In a mouse model of allo-HCT with MHC major mismatch (H2^b→H2^d), NFAT single-deficient vs. WT T cells ameliorate GvHD but preserve the GvL effect.³ Here, we investigated the effect of MCMV infection in a haploidentical model (H2^b→H2^b+d). As expected, T-cell-specific NFAT ablation was also protective in the parent-to-F1 setting. Although MCMV infection of allotransplanted mice definitely exacerbated the clinical outcome, the transfer of NFAT-deficient T cells still improved GvHD scores compared to WT T cells.

Provoked by conditioning-induced tissue damage, tissue-derived antigens are presented by the MHC molecules and recognized as alloantigens. Supported by co-stimulation and cytokine signaling, donor T cells undergo activation, proliferation, and migrate to target organs. CD4⁺ and CD8⁺ T cells respond as type I differentiated T cells producing IFN-γ, TNF-α, and cytotoxic mediators such as Prf1 and GzmB, which drive the pathogenesis of aGvHD.^41,42 Although polyclonally activated T cells do not necessarily reflect alloreactivity, fewer type I responsive T cells after NFAT ablation might contribute to less severe GvHD and advocate for reducing NFAT expression as a valuable option in the prevention of severe GvHD.

NFAT was discovered as a transactivator of IL-2 and subsequently recognized as essential for the expression of most cytokines.^4,43 Therefore, reduced IFN-γ and TNF-α expression in NFAT-deficient T cells followed predictions and what we had previously described in the context of GvHD induction.^3,8 The degree of GzmB expression after allo-HCT is T-cell-subtype-dependent.⁴² Furthermore, NFAT-mediated GzmB and Prf1 expression appears to be context-dependent, as their expression was only minimally affected in Nfatc1^−/− or Nfatc2^−/− CD8⁺ T cells when transplanted in a major mismatch model.³ However, in the absence of GvHD, such NFAT-ablated CD8⁺ T cells respond to an acute MCMV infection with a significant loss of Gzma, Gzmb, and Prf1 transcripts.²⁶ Consistent with this, ChIP-seq experiments revealed that regions far upstream and immediately downstream of the Gzmb gene, as well as the proximal promoter of the Prf1 gene, bind NFATc1 and NFATc2 in acutely activated CD8⁺ T cells.^44,45 The proximal promoter of Gzmb contains a weak non-canonical NFAT-response element,^46,47 but binding sites for other transcription factors have been identified in the Gzmb promoter as well as multiple possible interaction partners for NFATc1 and NFATc2.^48,49 Consistent with a context-dependent fine-tuning of NFAT-mediated GzmB expression, AP-1, Ikaros, and CREB emerged in both studies. Interestingly, such response elements are also found in the 1kb enhancer of Prf1.⁵⁰

Another finding of our study was that MCMV could be partially controlled by MCMV-unexperienced T cells after allo-HCT, and control of viral load was better with NFAT-deficient than with WT T cells. This correlated not only with a relative increase in the number of MCMV-specific NFAT-deficient CD8⁺ MI cells but also with a heightened frequency of IFN-γ⁺ and GzmB⁺ MIs. Apparently, GzmB and IFN-γ are wired differently in inflated than in conventional CD8⁺ T cells. This is in line with the epigenetic changes observed in human T_EMRA and the frequent closure of promoter/enhancer regions.⁵¹ As terminally differentiated effector T cells, human T_EMRA and murine MIs express high levels of T-bet, Blimp-1, and Hobit, together enabling effector functions.^25,52 The described ratio of T-bet^hi to Eomes^int alone excludes an exhausted phenotype, but empowers the elevated expression of IFN-γ, TNF-α, GzmB, and Prf1,^22,53 making the contribution of NFAT to their expression negligible.

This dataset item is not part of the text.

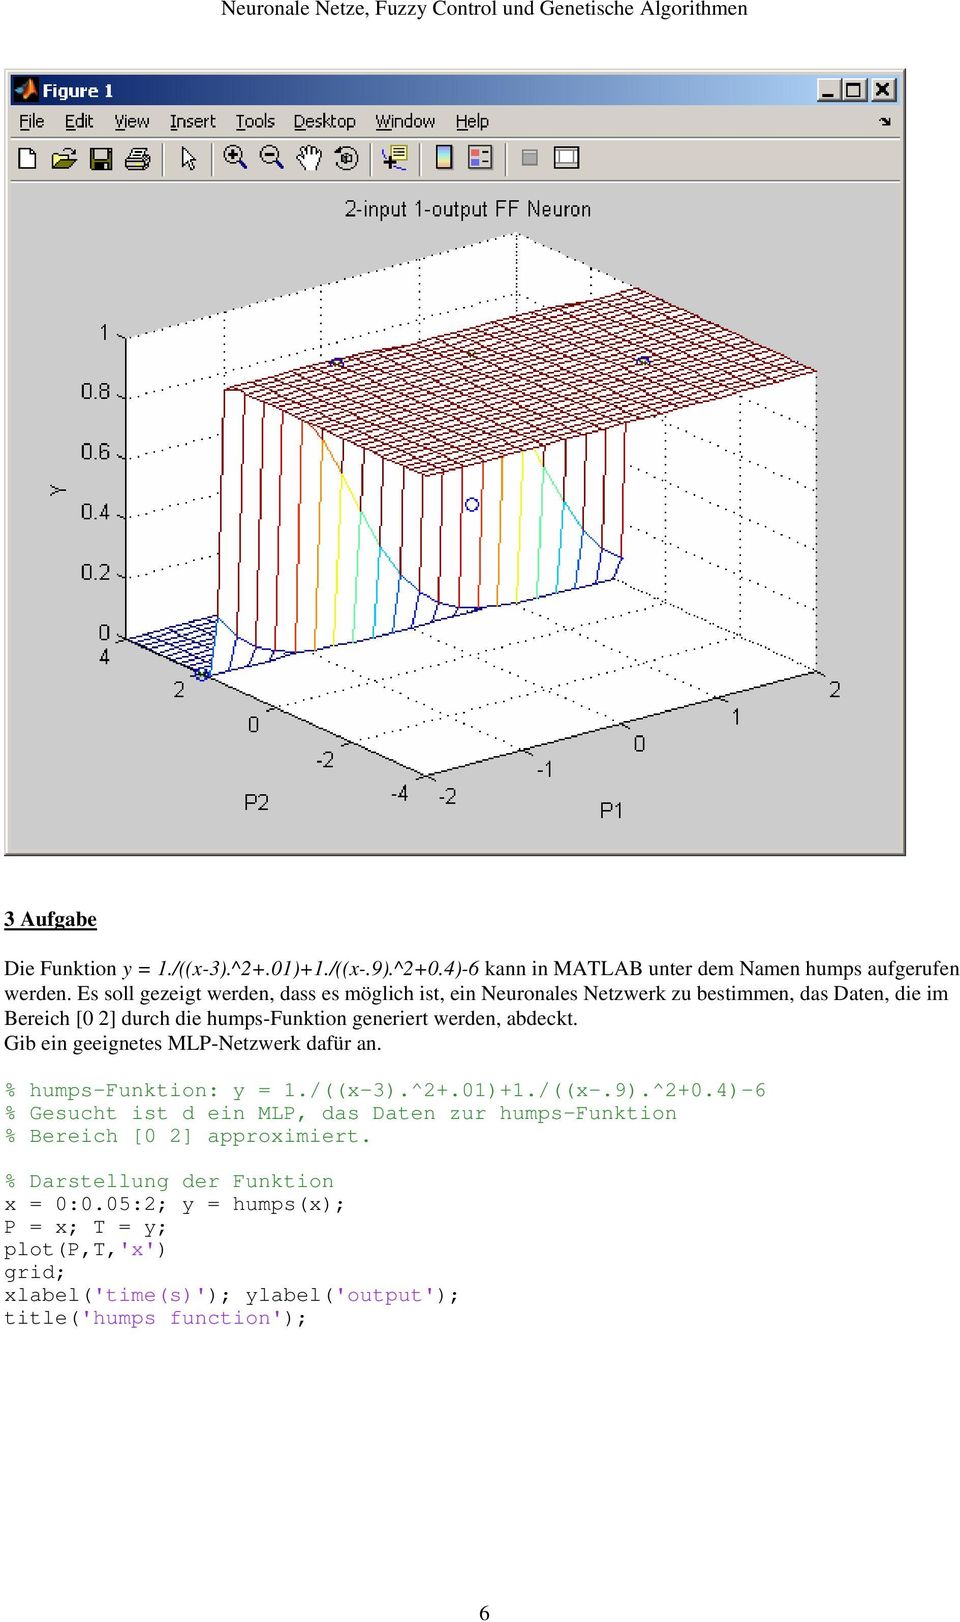 werden, abdeckt. Gib ein geeignetes MLP-Netzwerk dafür an. % humps-funktion: y = 1./((x-3).^2+.01)+1./((x-.9).^2+0.

A need for sufficient NFAT levels is nevertheless expected for MIs because high-affinity TCRs drive memory inflation and recurrent TCR stimulation is required to maintain MI cells.^54,55 Already the priming of MI T cells has been shown to be less dependent on CD28 signaling than conventional CD8 responses,⁵⁶ whereas CMV-specific memory inflation is driven by antigen-presentation on non-hematopoietic cells in lymph nodes.⁵⁷ Consistent with the presumed dominance of TCR signaling, but opposite to the observations here in the context of allo-HCT, NFATc1 is essential for inflationary responses during MCMV infection.²⁶ In NFAT single-deficient T cells, two T-cell-expressed NFAT members were still present and in the Nfatc1^−/−Nfatc2^−/− DKO at least NFATc3, which seemed to be partially sufficient when expressed in the context of low/no co-stimulation and severe inflammation caused by aGvHD.

MIs are recruited as CX3CR1⁺CD8⁺ T cells by CX3CL1, which is released from inflamed blood vessels, to sites of latent infection and expand on non-hematopoietic cells in IL-15-rich niches.⁵⁸ As previously described,²⁶ CX3CR1 is dependent on the presence of NFAT, which is in line with Cx3cr1 being a direct NFAT target gene.⁴⁵ Since it has been reported that memory inflation can be unaltered in the case of CX3CR1 ablation,⁵⁹ migration of MIs may be compensated by other mechanisms as in the context of GvHD T cell homing may be facilitated by alloreactivity and inflammatory conditions, as well as a more severe MCMV infection than in healthy mice. Chemokine receptors that have been described to facilitate migration to the liver and lungs, respectively, during infection are CCR5 and CCR4.^60,61 Notably, fold increase in KLRG1⁺ M38⁺ T cells was highest in these latter organs.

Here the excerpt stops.